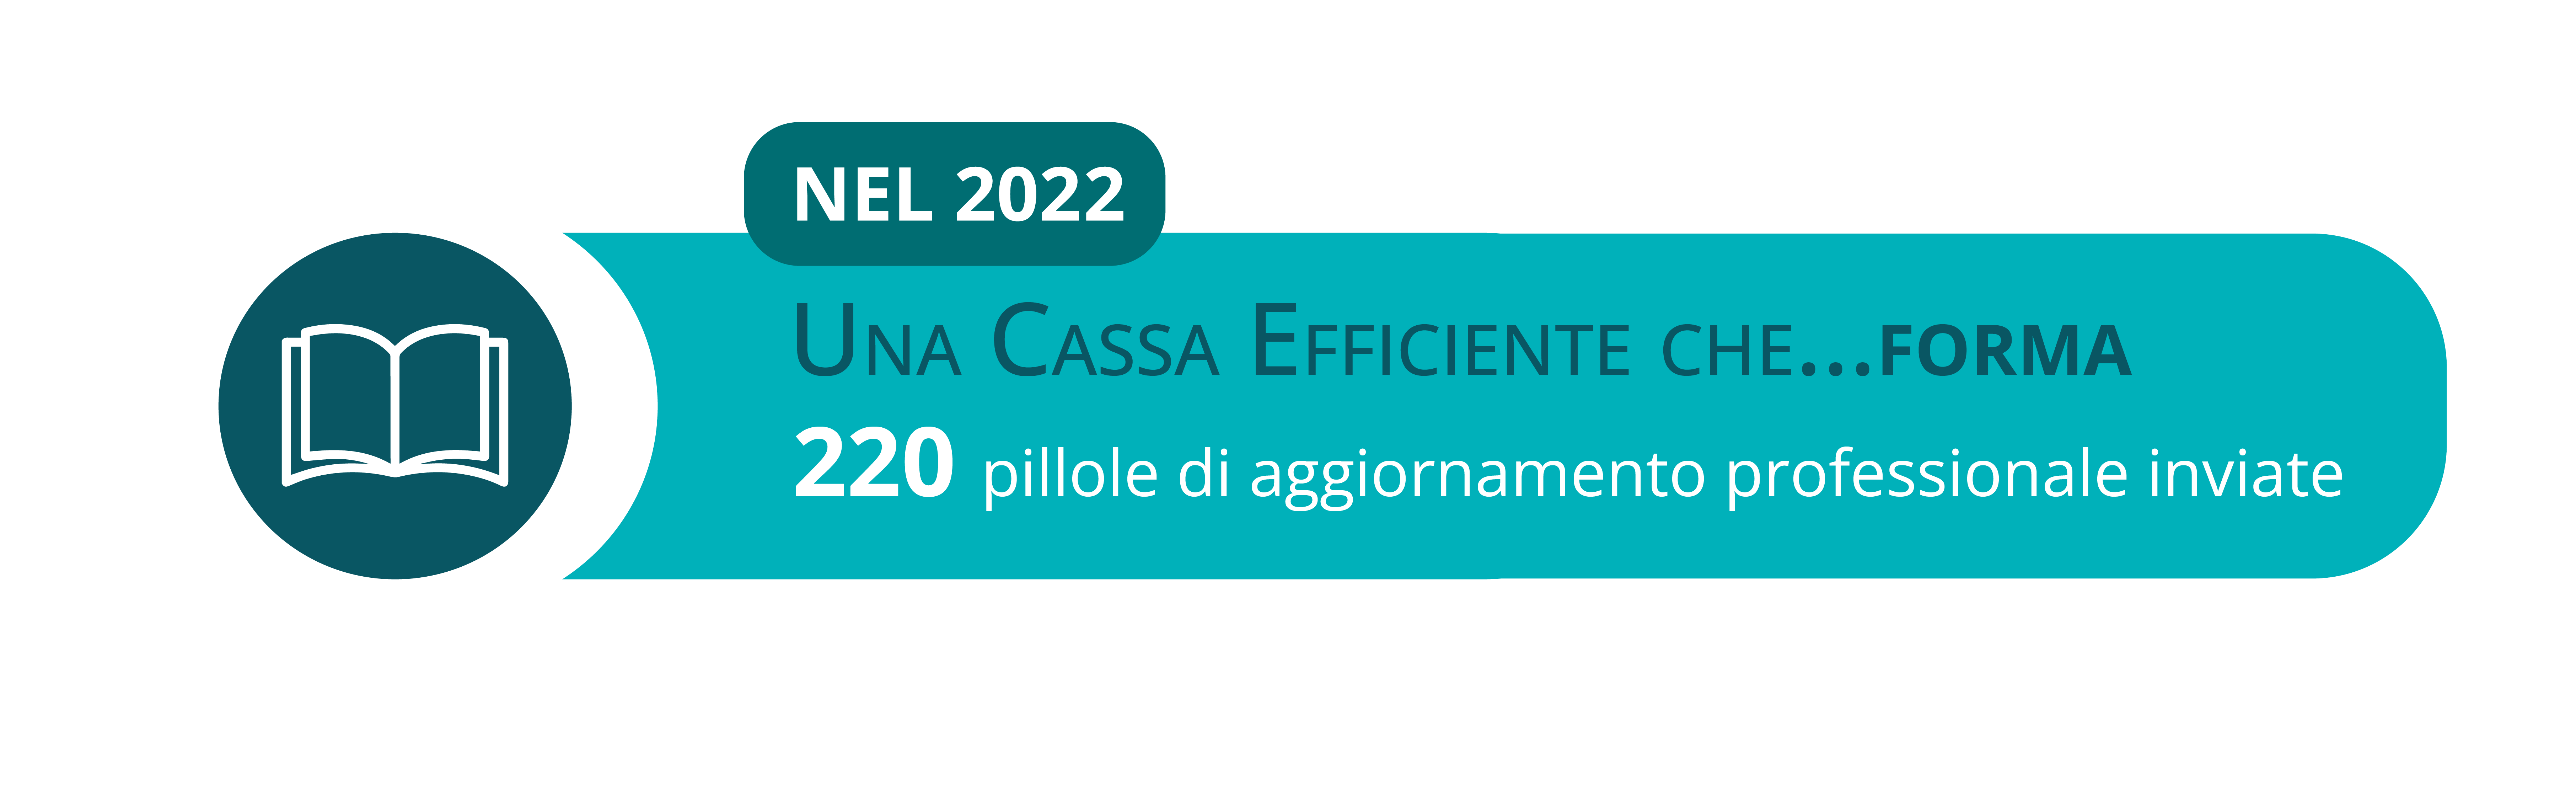 Forma 2022.png
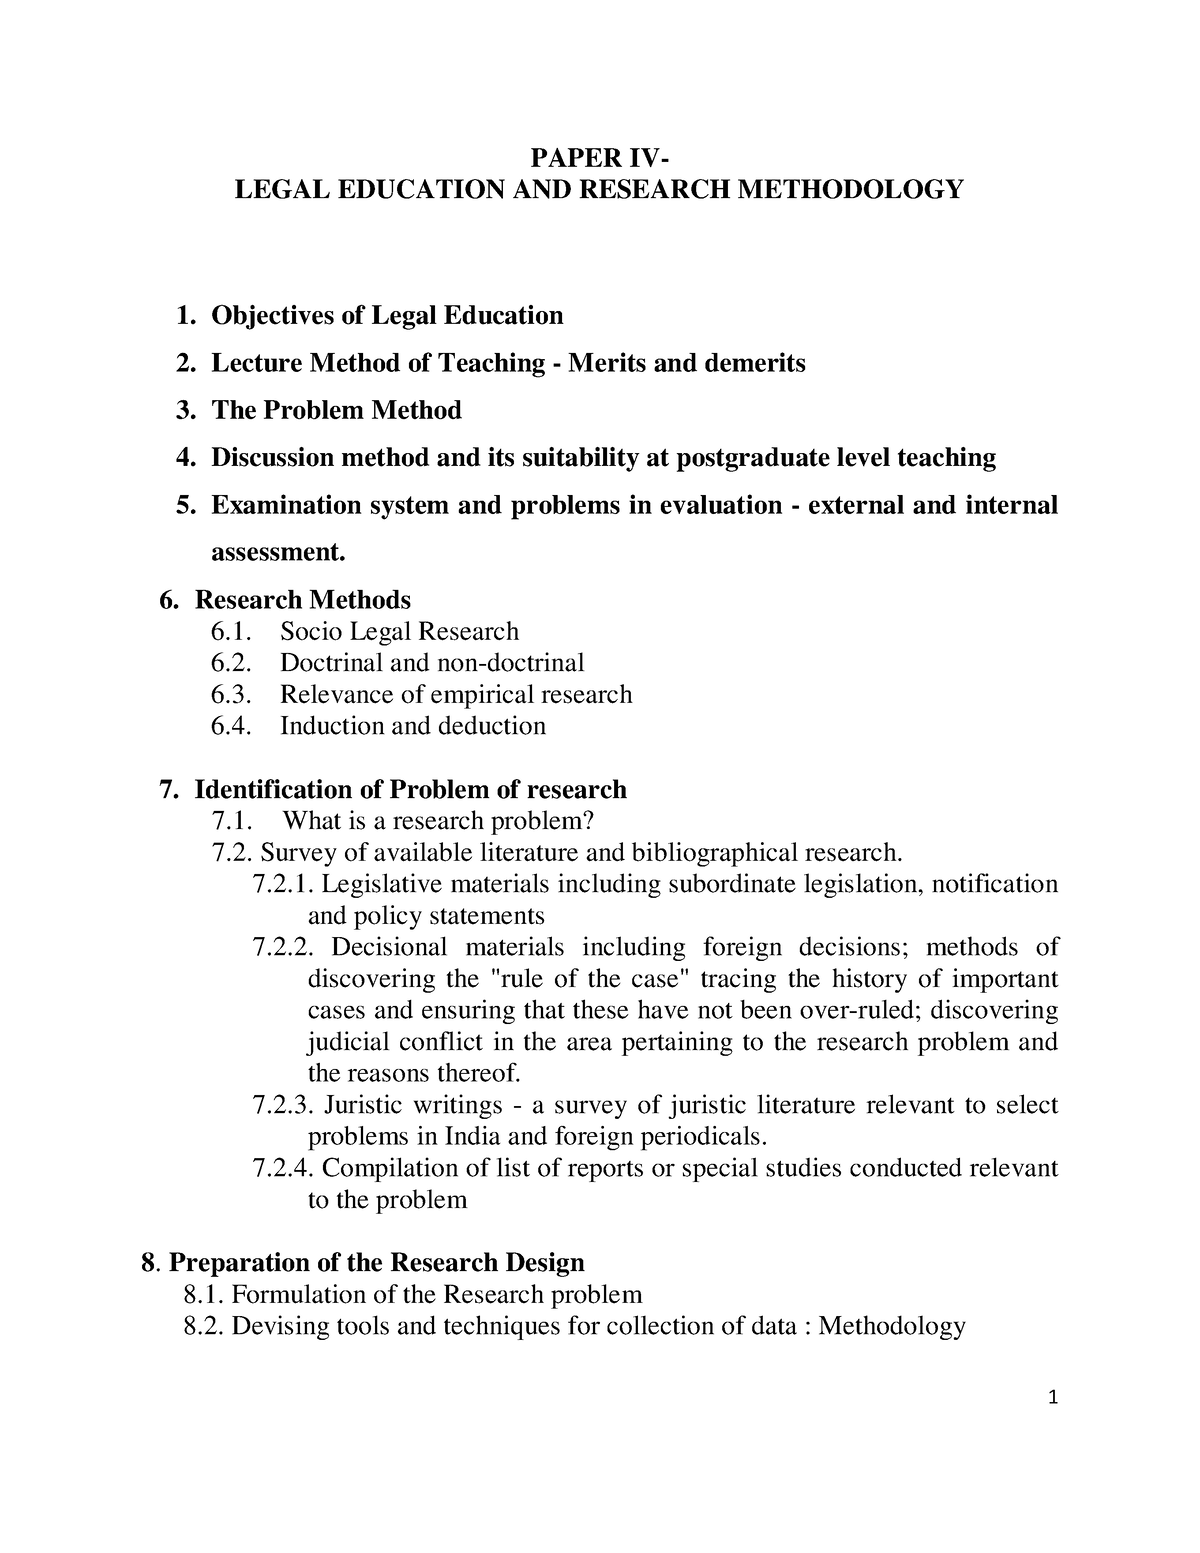 llm research methodology question paper
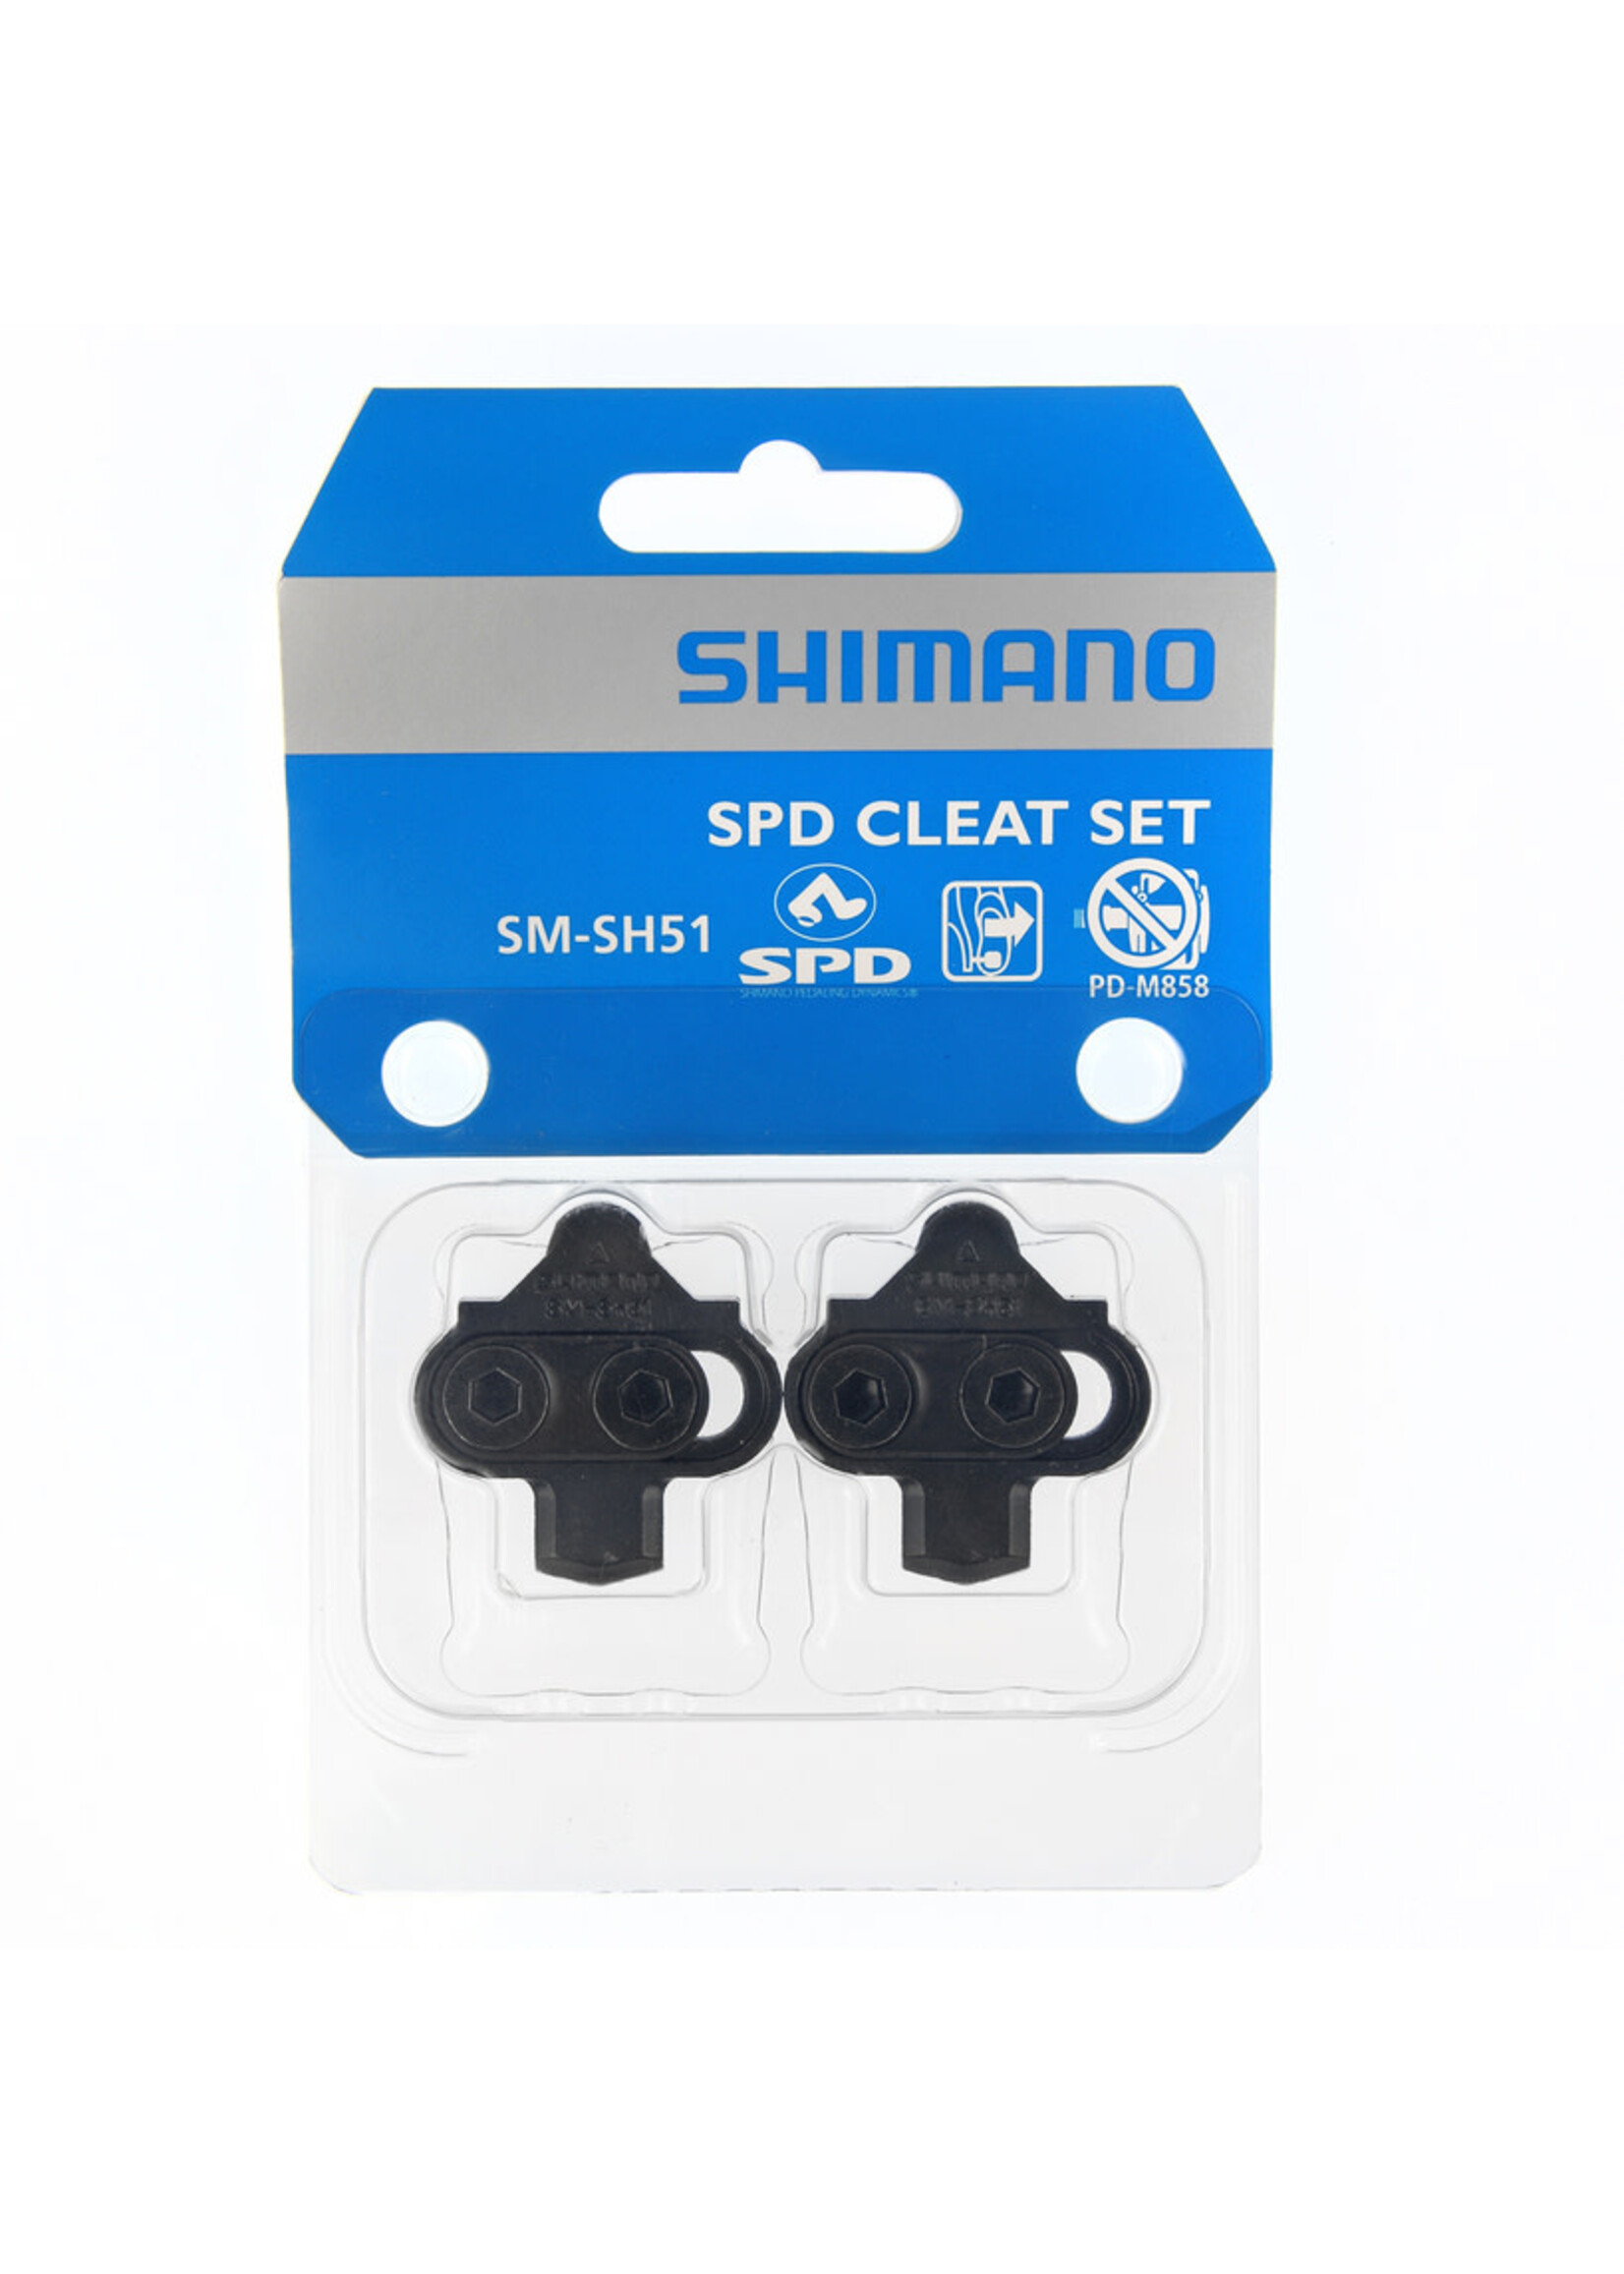 Shimano Shimano SM-SH51 SPD Cleat Set (Pair) Single Release W/O Cleat Nut

WHAT TO DO ::
With the images excluded, reproduce the data above precisely as written.

RESULT FOR THIS TASK ::
 Forma 2022.png
 llm research methodology question paper
 Shimano Shimano SM-SH51 SPD Cleat Set (Pair) Single Release W/O Cleat Nut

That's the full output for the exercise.